Ultimately, I chose to use the percentage of long-stay residents with pressure ulcers for my model. Pressure ulcers are sometimes unavoidable because of illnesses, even with the best care. However, they are also often listed as indicators of neglect in nursing homes.
Across the United States, the range of reported percent of pressure ulcers starts at 0.5% and goes up to 59%. There are some clear outliers in the data since the average percentage is 8.4%, with a 4.8 standard deviation.
I looked at whether location had a big influence on the percentages reported and found that the state with the lowest percentages were:
Hawaii at 5.0%
Maine at 5.9%
Nebraska at 6.1%
The locations with the highest percentages were:
Washington, D.C. at 12.3%
Missouri at 10.9%
Nevada at 10.7%
There were not any strong correlations in any of the variables that I compared. Some of the staffing metrics had mild positive correlations. For example, RN hours per resident had a .20 correlation and LPN hours per resident had a .17 correlation. This makes sense as you would expect to see better patient outcomes with more staffing. The facility’s overall rating had a slightly negative correlation of -0.13 which would also be expected. I had hoped ownership information would be predictive but that proved to not have much of an impact.
When I removed looked just at facilities in the 75th percentile and above, they had a much stronger correlation to staffing hours and to a few of the other health outcome measurements like the percentage of residents who have lost too much weight.
The Model
From this point, I moved on to create a regression model. I split the data into testing and training sets and created a baseline to beat by predicting that every facility had the mean value of the dataset. From there, I tested several different models and optimized the parameters of each one using GridSearch. I used Mean Absolute Error to measure the success of each model.
Discussion
While Ridge Regression, Gradient Boosting, and Random Forrest had very similar metrics, Random Forrest did the best job of correctly estimating the outlier data. This isn't necessarily a surprise, given that Random Forrest and Decision Trees are better at dealing with nonlinear data than regression models like linear and ridge regression. It's also not surprising that Ridge Regression got many outliers incorrect since the algorithm is designed to minimize the impact that outliers have on its predictions. Overall, the models performed relatively well and beat the baseline.

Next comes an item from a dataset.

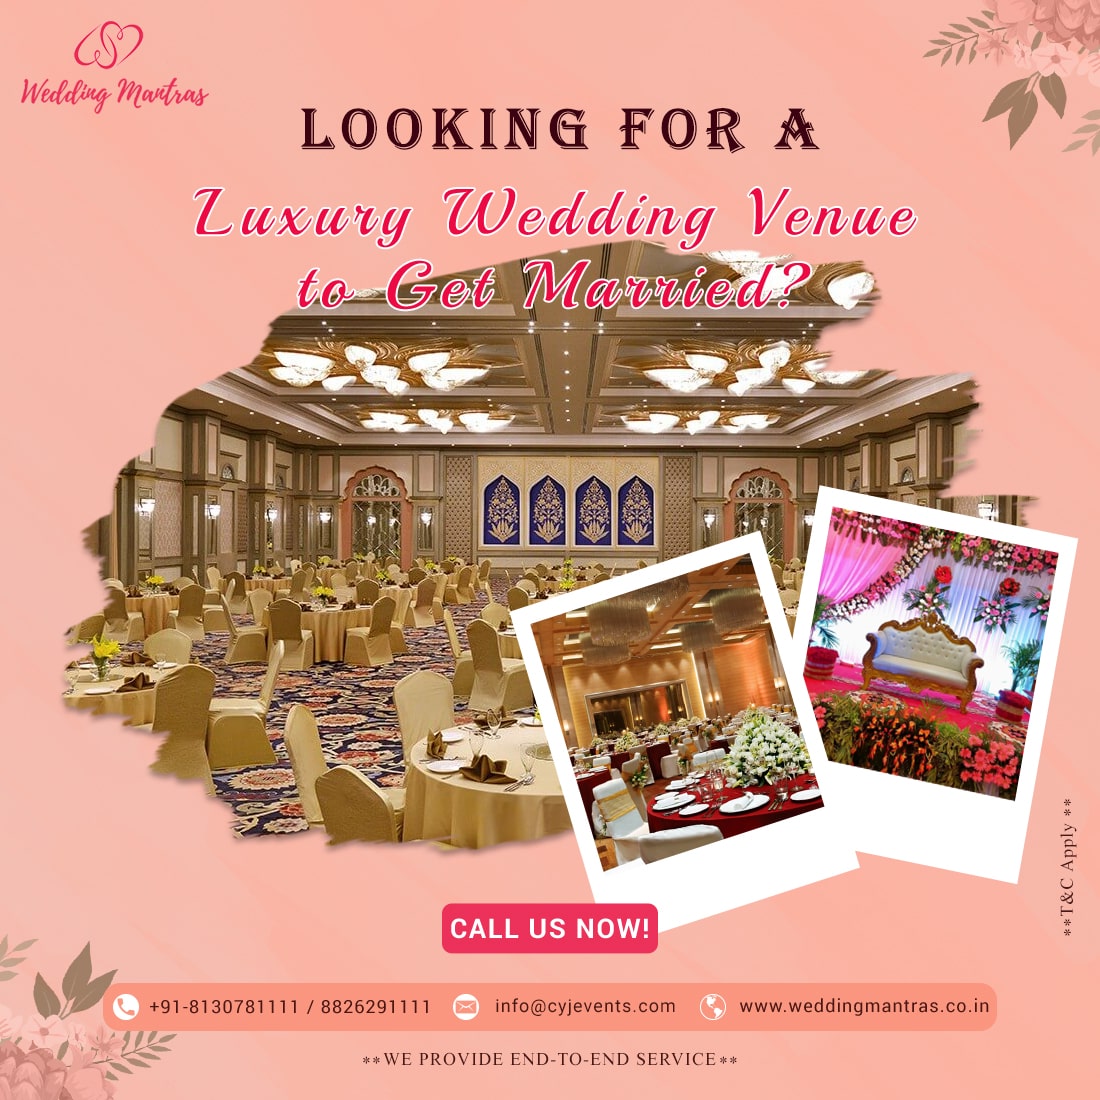  Destination Wedding in Ranthambore – Get Top Wedding Venues in Ranthambore

In the future, I'd like to expand this model by creating categories based on the quartile ranges and see if, by using logistic regression methods, I can better predict whether or not a facility will perform below average. I have the intuition that this approach may be even more accurate since the Random Forrest Regression model worked the best.
In addition, I'd also like to include more data on the demographics surrounding the location of each Skilled Nursing Facility and take this data analysis back farther in time to see if there were significant changes due to COVID-19.